By Chuck Jaffe, MarketWatch
Most people making forecasts for 2017 are fessing up to how murky their crystal ball was a year ago, but when I looked back at my calls for 2016, it was the first time in 20-plus years that I pretty much got everything right.
The reason is that I look for the big future headlines in the mutual fund business, not in the broader financial-services industry or the world at large. In that narrow realm, it’s possible to look at trends and available information and make a savvy call. In most years, I get roughly three-quarters of my predictions right, with one forecast being a bit too early and another being the wild turkey of the group.
Thus, reading the proverbial tarot cards visible nowadays in the fund world, here are my predictions for the coming year — the big fund stories I expect to make headlines in 2017:
1. Continuing increase in fund and ETF liquidations and mergers:
According to investment researcher Morningstar Inc., the number of funds liquidated in 2016 was nearly double the level from a year earlier, while ETF closings were up 25%.
This even as the market kept up its long rally. Most experts are forecasting returns for 2017 that are low or flat — with gains concentrated in the first six months and balanced by setbacks thereafter. If the outlook for the market is ugly before Halloween, the fund firms that didn’t give up on their unloved and under-appreciated offerings in 2016 will take that step. Expect around 750 funds and ETFs to be dead by New Year’s Eve.
2. A blow-up in commodities ETNs, and a massive reduction in the exchange-traded note business:
The beginning of 2016 saw some moments when commodities notes such as iPath S&P GSCI Crude Oil Total Return ETN were completely disconnected from the action of oil prices, trading at premiums rather than fair value mostly due to back-room technical reasons. The end of 2016 saw trouble for leveraged exchange-traded notes, with Velocity Shares de-listing a few issues — and then creating and re-issuing brand new replacements — leaving investors confused and mistrustful.
Exchange-traded notes are a cousin to exchange-traded funds, but they are not the same and their different structure comes with inherent, problematic flaws.

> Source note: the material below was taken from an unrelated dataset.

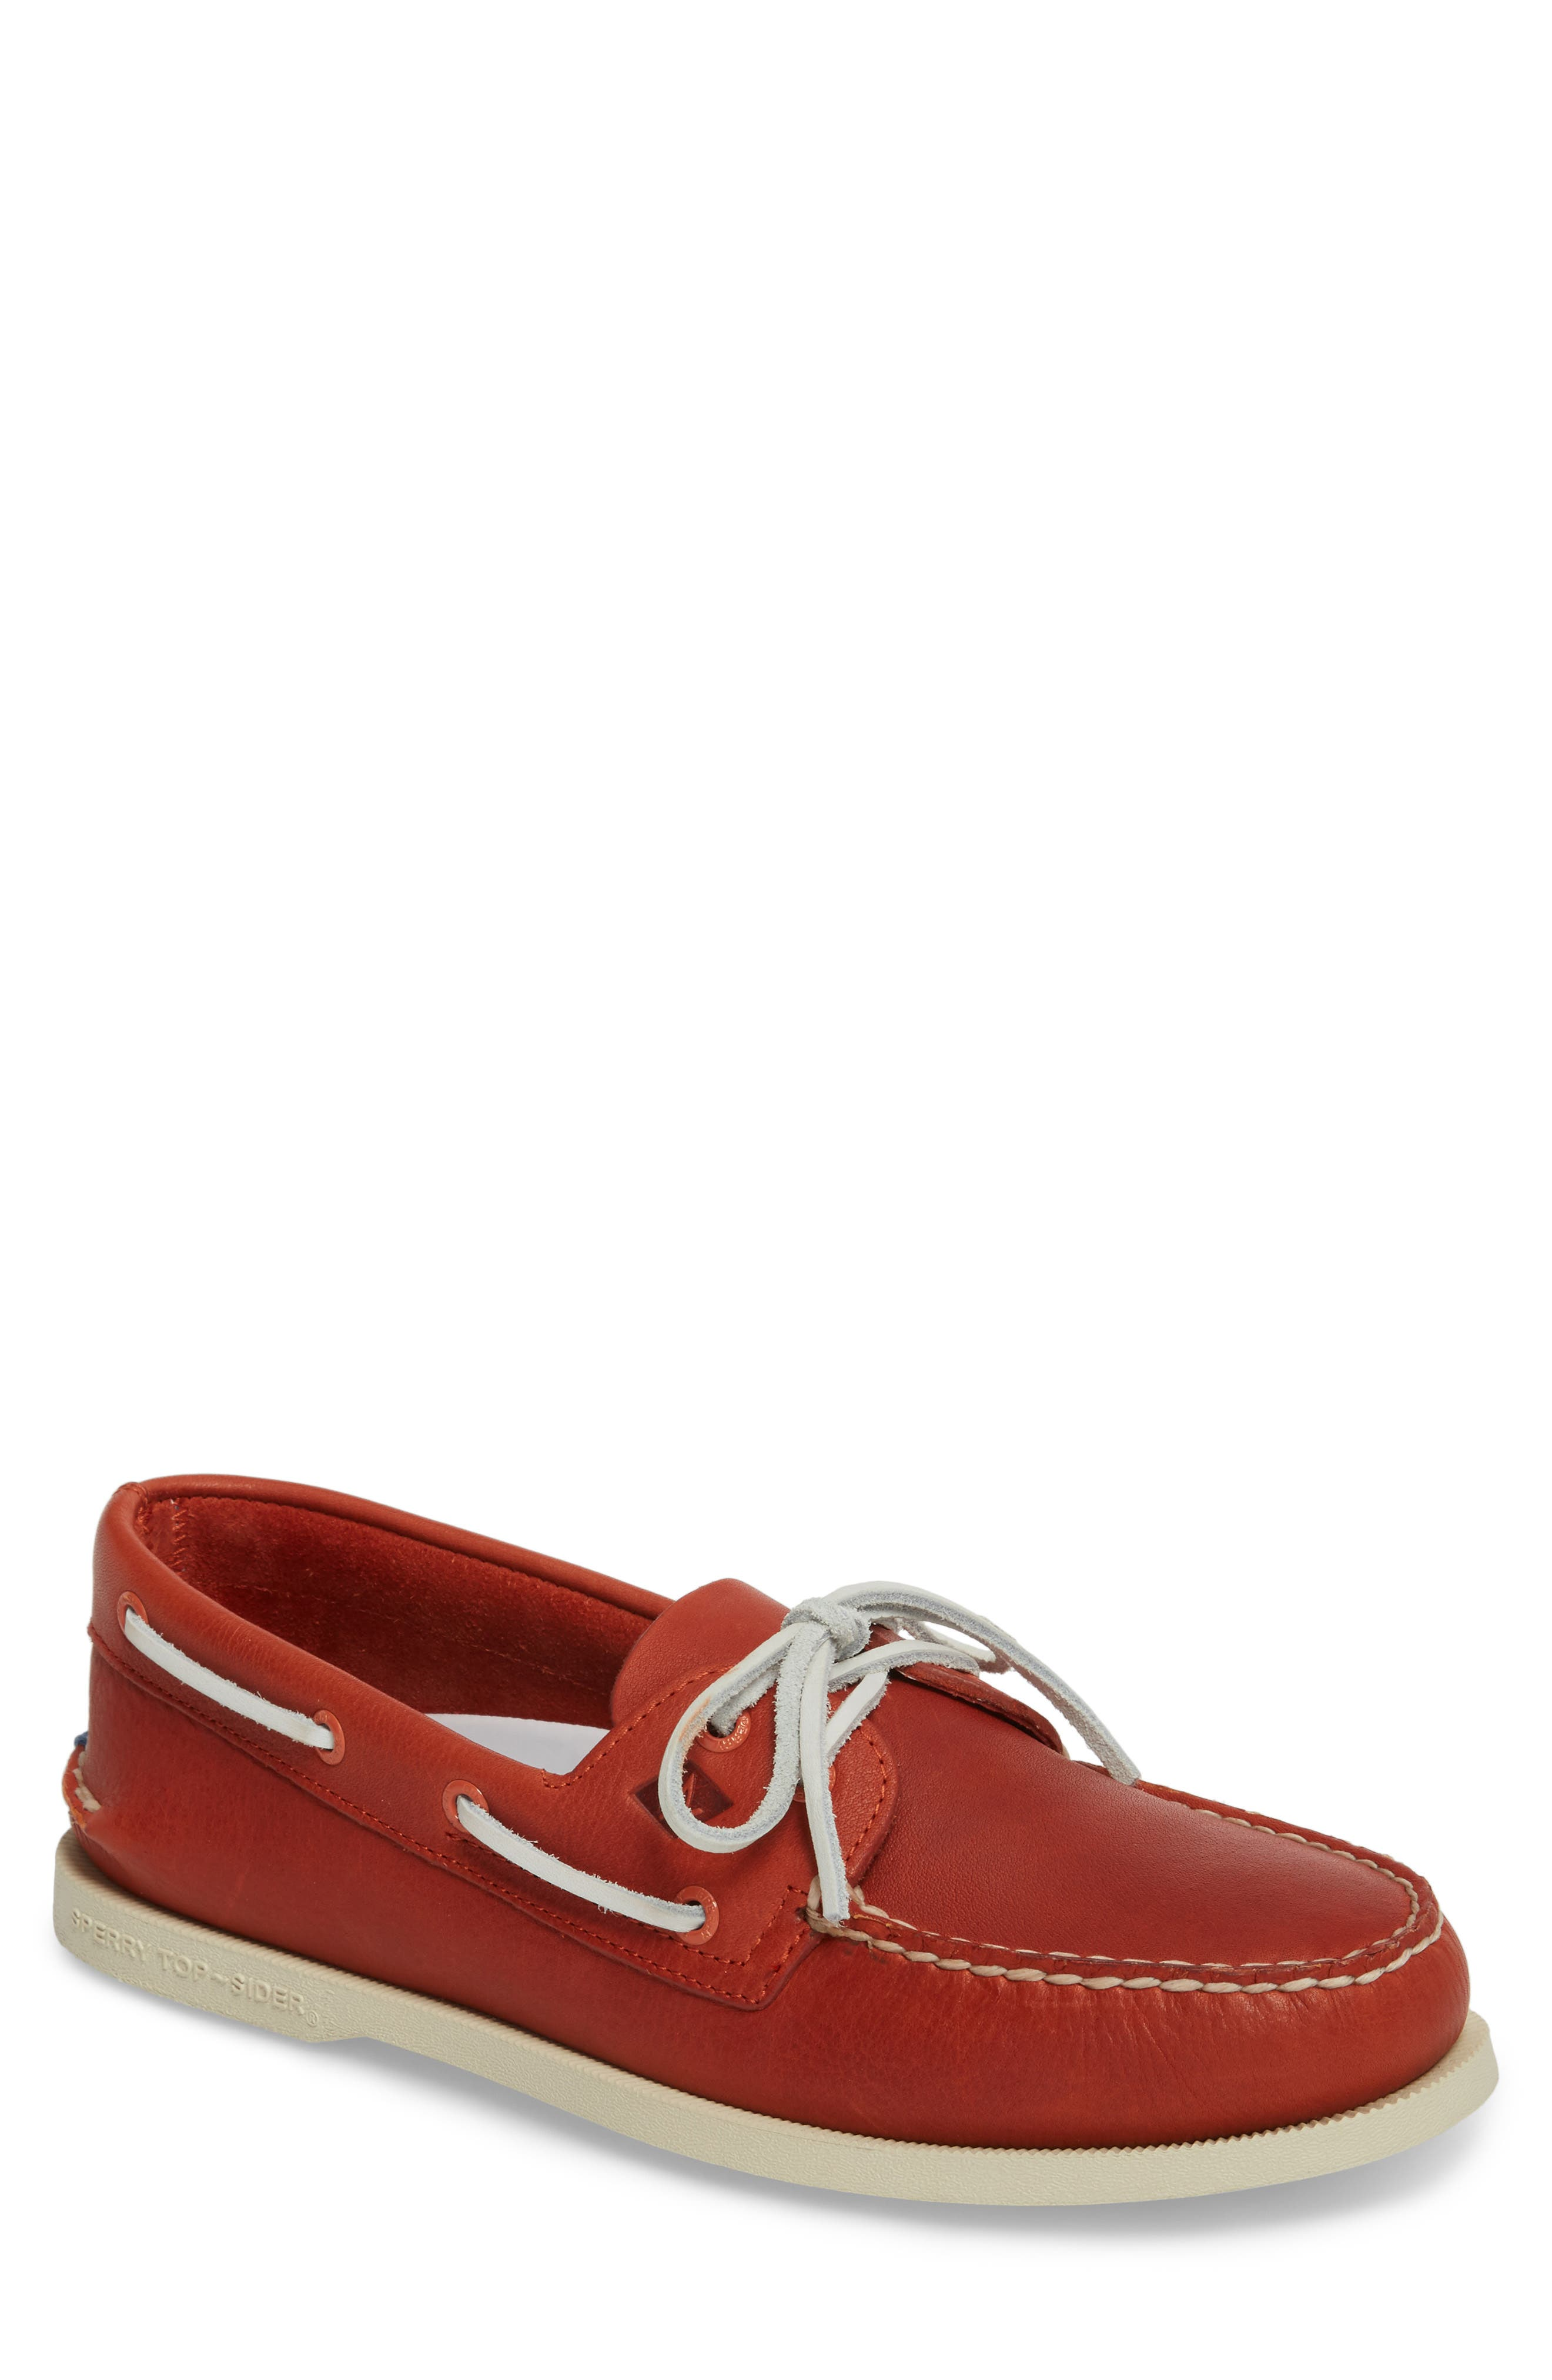 Alternate Image 1 Selected - Sperry AO 2 Eye Daytona Boat Shoe (Men)

The weird setup is precisely why many backers now want out, and many investors never want to be in them; those feelings will only intensify this year as trouble surfaces in some commodities offerings.
3. A “liquid” fund has a liquidity crunch:
Liquid-alternative funds have been increasingly popular in the business in recent years, their potential downsides largely overlooked … until now. Despite their name, liquid-alt funds often hold securities that aren’t so fluid; that’s not a problem, unless there’s a need to cash out of securities in a hurry.
With the Fed hiking rates, you can expect increased volatility. That, in turn, makes investors jumpy. If they get antsy and want to pull too much from a liquid-alt fund, those redemptions could force sales at just the wrong time, at which point investors learn the difference between what is “liquid” and what is “easily sold without affecting the price.”
Funds will either lock investors in — trying to prevent losses — or let them suffer. Either way, the pain is real.